— Exercise objective —
Start at the line in the entries below that contains "JOYIN 24 Pcs", stop at the line that contains "jaqueta jeans tamanho 14", and output exactly the lines in that span, both ends included.

[Recorded data]

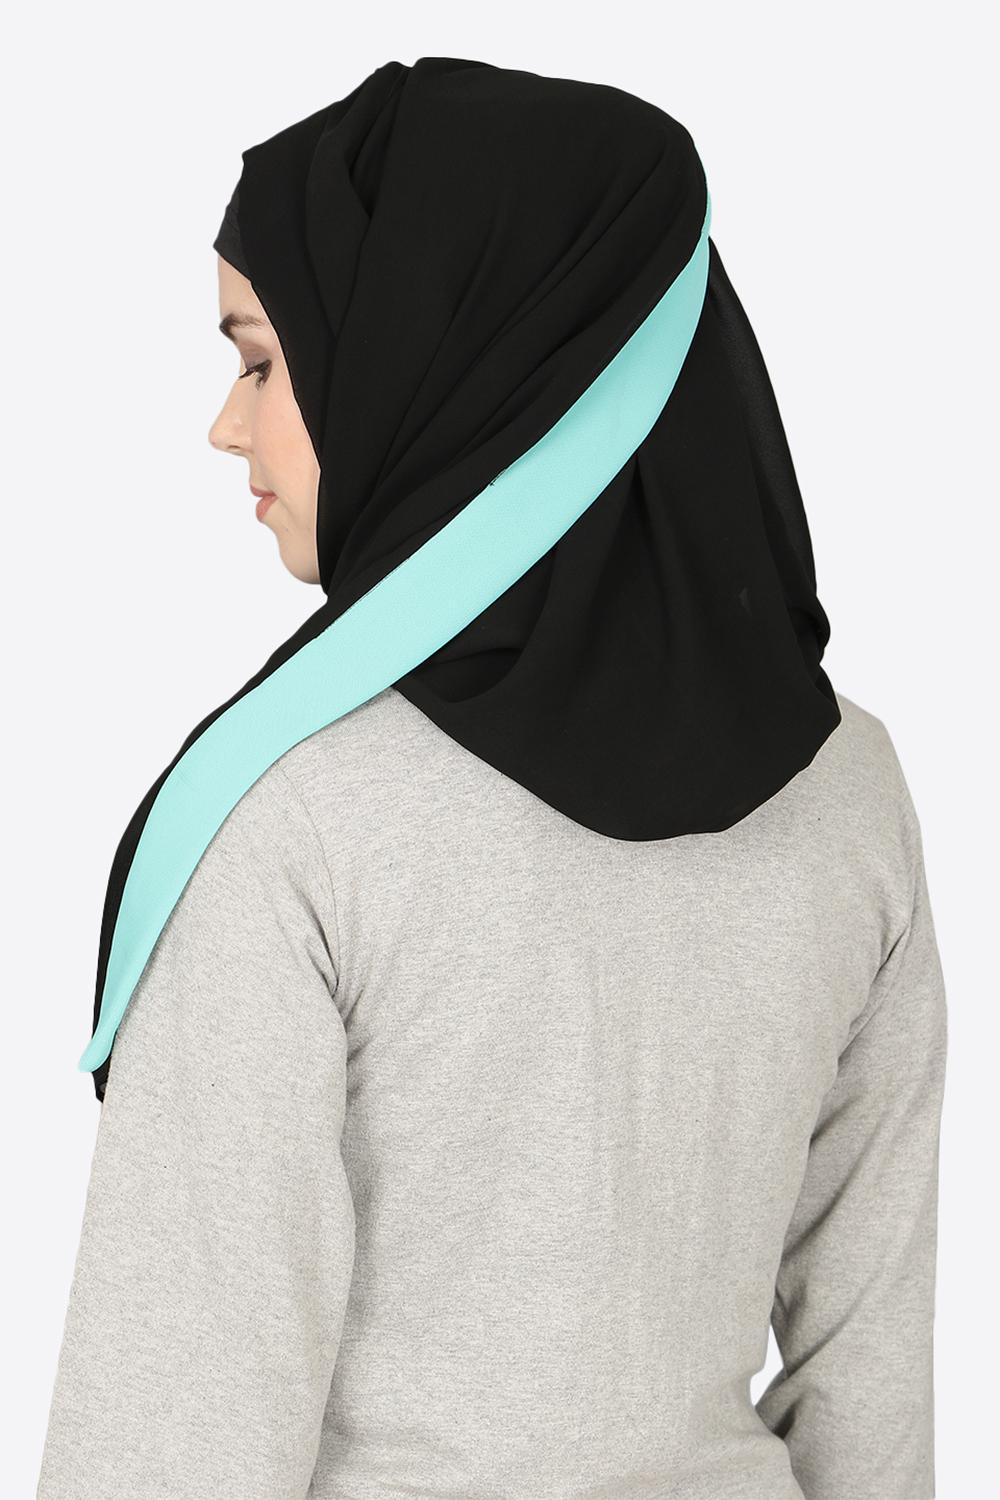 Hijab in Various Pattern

[/Recorded data]
[Recorded data]

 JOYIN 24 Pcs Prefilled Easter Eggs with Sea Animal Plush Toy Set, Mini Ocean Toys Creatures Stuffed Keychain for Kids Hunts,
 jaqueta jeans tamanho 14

[/Recorded data]

— Result of this exercise —
 JOYIN 24 Pcs Prefilled Easter Eggs with Sea Animal Plush Toy Set, Mini Ocean Toys Creatures Stuffed Keychain for Kids Hunts,
 jaqueta jeans tamanho 14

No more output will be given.